Performance vs. Security Trade-Off

It is worth noting that deep packet inspection incurs CPU time costs. Consider the cases where the WAF needs to do regex matching on large payloads or decode multi-layered encoding. This procedure may impact overall performance and introduce a delay. For anomaly-based detection, running behavioural models or ML engines also requires a non-trivial share of the system resources. As traffic scales, it is essential to watch for increases in latency or legitimate requests timing out.

Finally, deploying a WAF or any other security solution does not mean that the systems become miraculously secure.
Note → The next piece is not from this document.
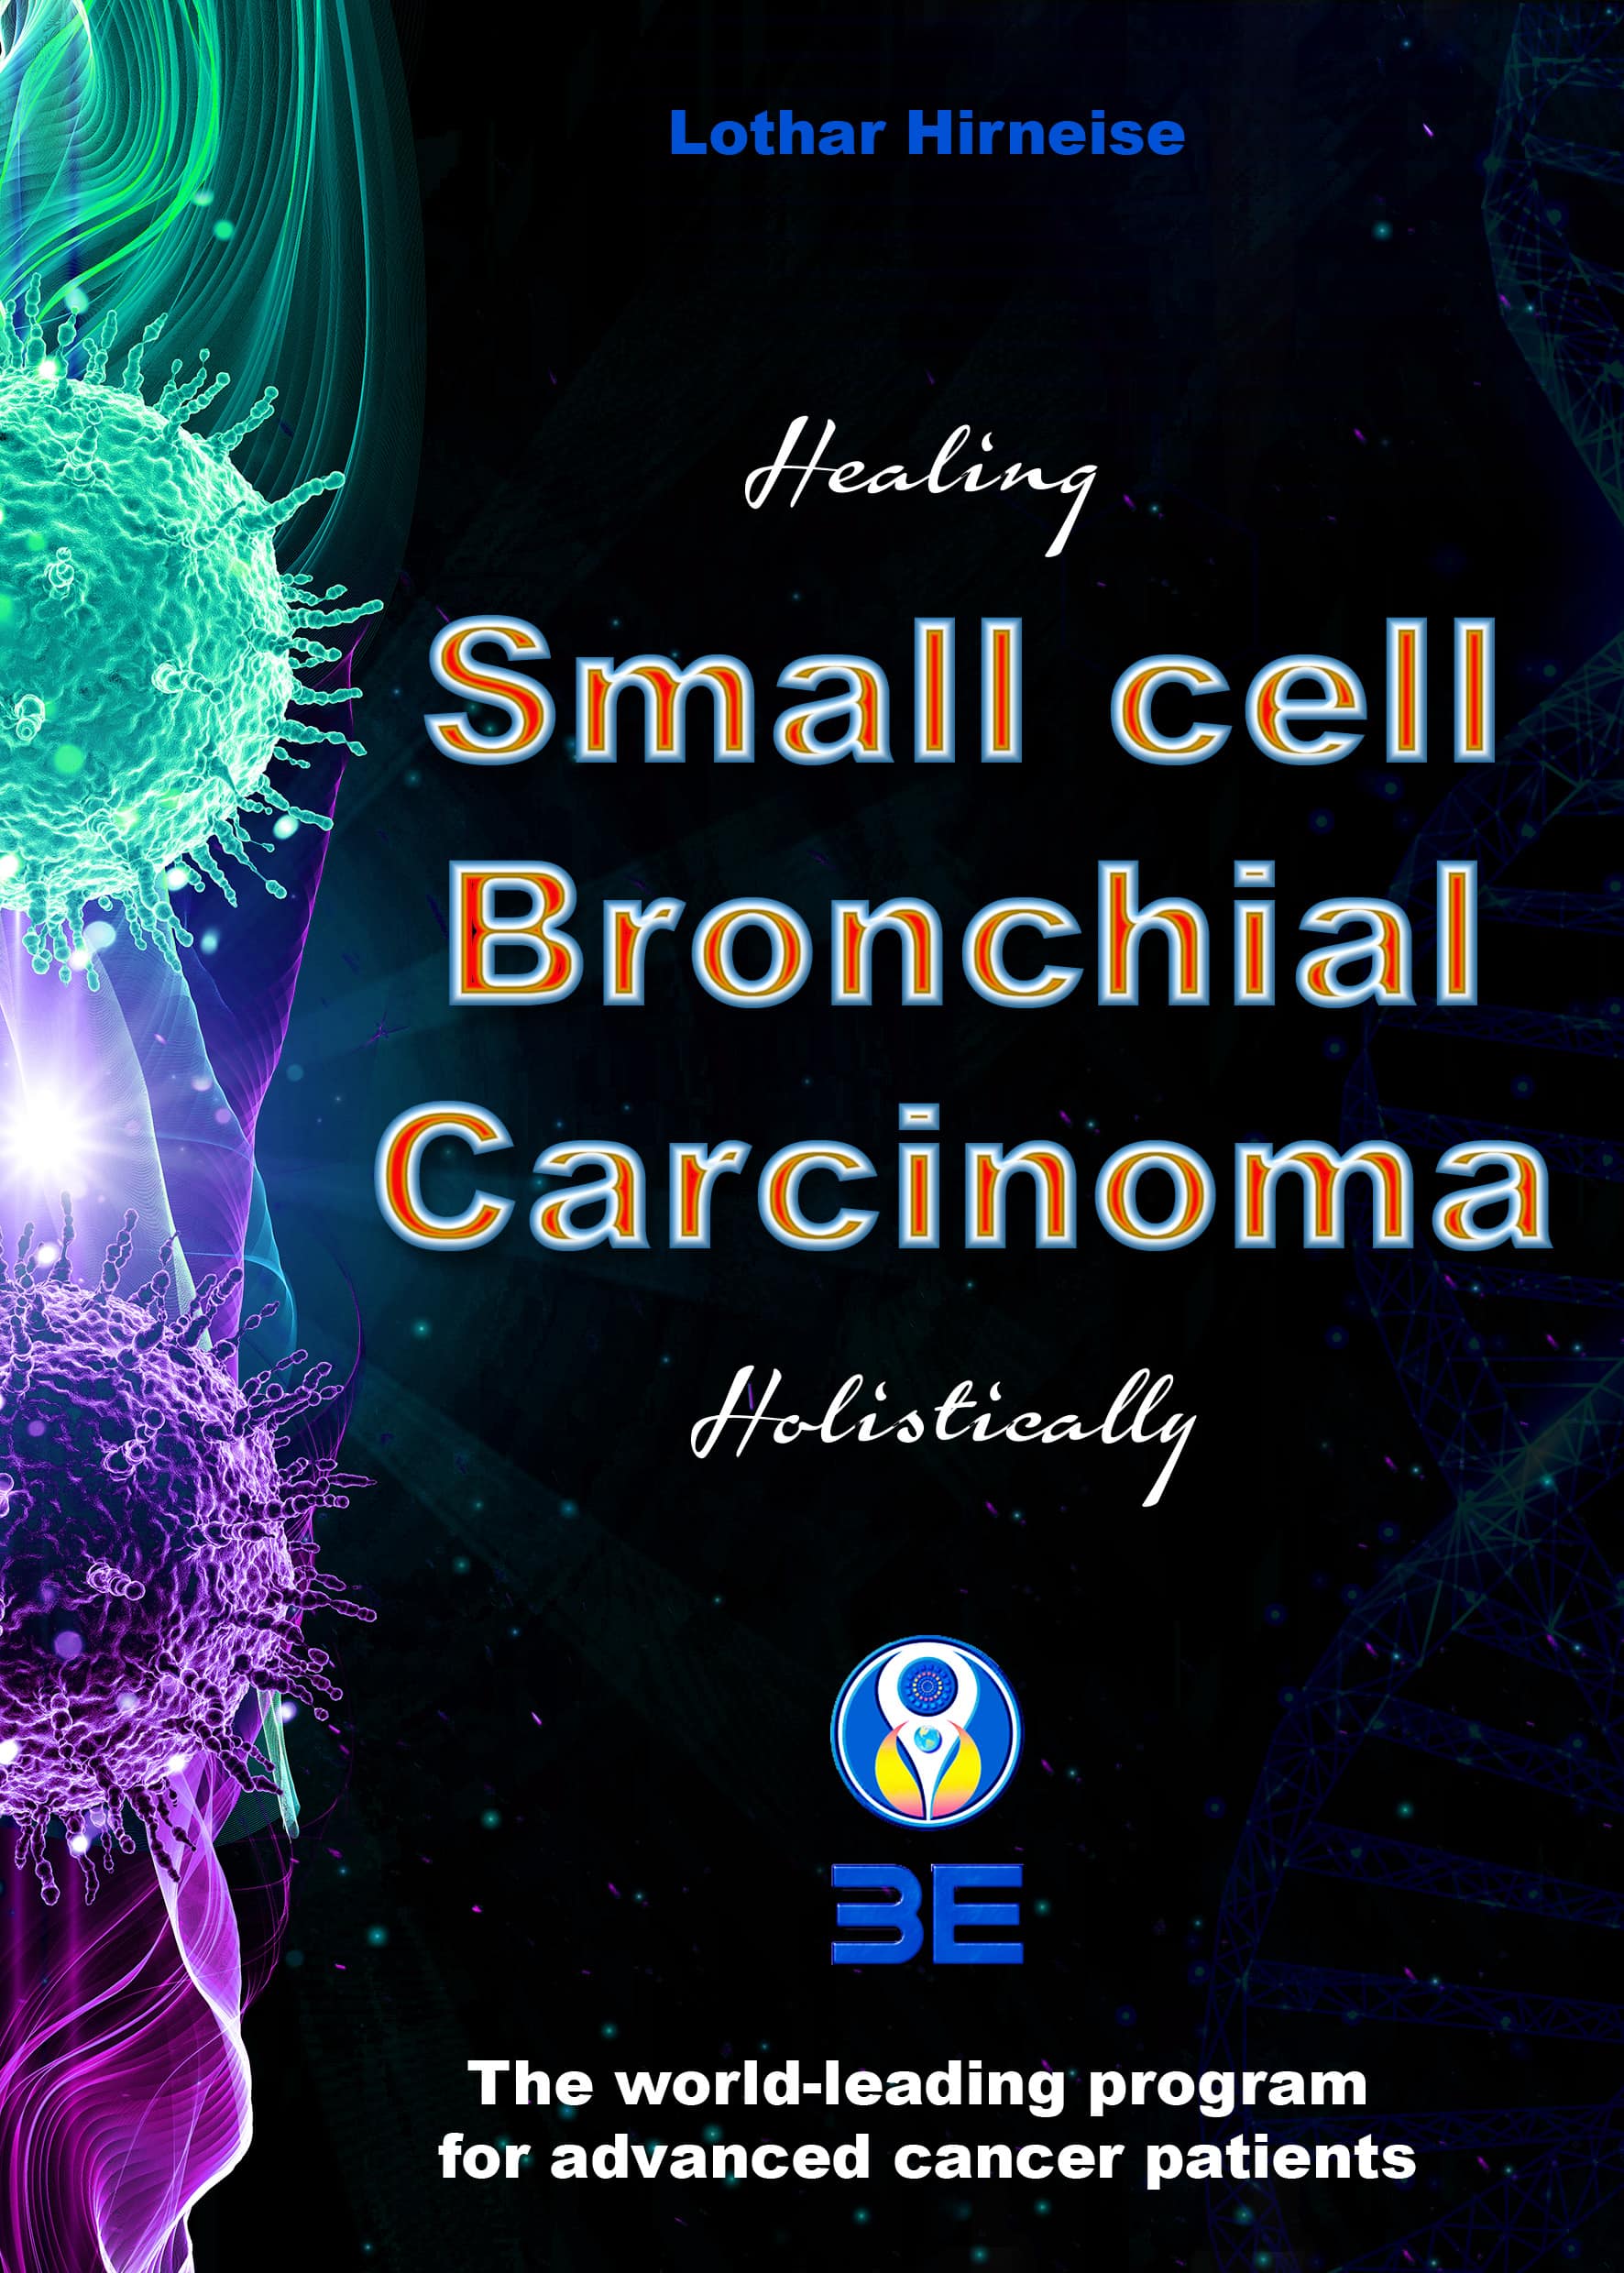 Small cell bronchial carcinoma
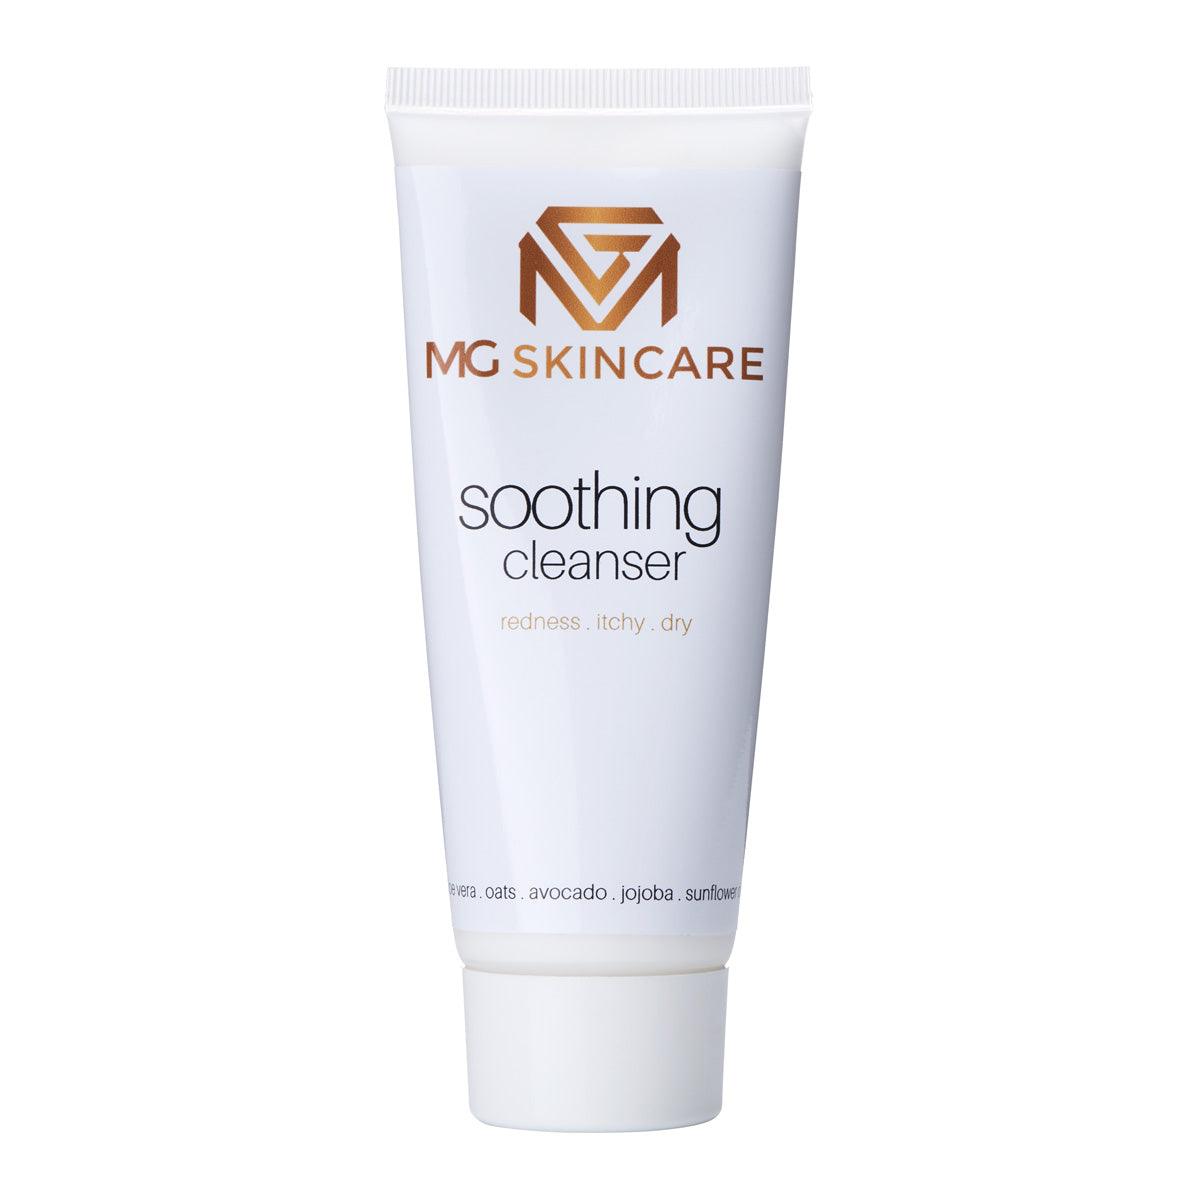 MG Skincare Soothing Facial Cleanser - MG Skincare

One should be careful not to fall into a false sense of security. On one hand, a properly configured WAF will add to the security, and it will even help meet compliance requirements; however, cyber security is built through a comprehensive security policy and various security solutions.

Web Application Firewalls are not silver bullets. They are complex tools designed to mitigate known vulnerabilities, enforce virtual patching, and filter malicious traffic; however, they can do so within certain technical and operational boundaries.

In this room, we’ve seen that WAFs are the result of firewalls evolving from simple stateless filters to deep-inspection engines capable of parsing HTTP traffic, detecting anomalies, and blocking entire classes of attacks, such as SQLi and XSS. However, their effectiveness depends on well-crafted rules, proper deployment, and a clear understanding of their limitations. A WAF cannot fix faulty business logic, making it blind to IDOR, privilege escalation, or even form value manipulation. It is powerless against encrypted and client-side traffic. Furthermore, poorly configured WAFs can introduce new attack surfaces, from rule injection to exposed management interfaces.

A WAF is best used as part of a defence in depth, not a replacement for secure coding. Unfortunately, if the underlying application is flawed, no amount of filtering will make it truly secure.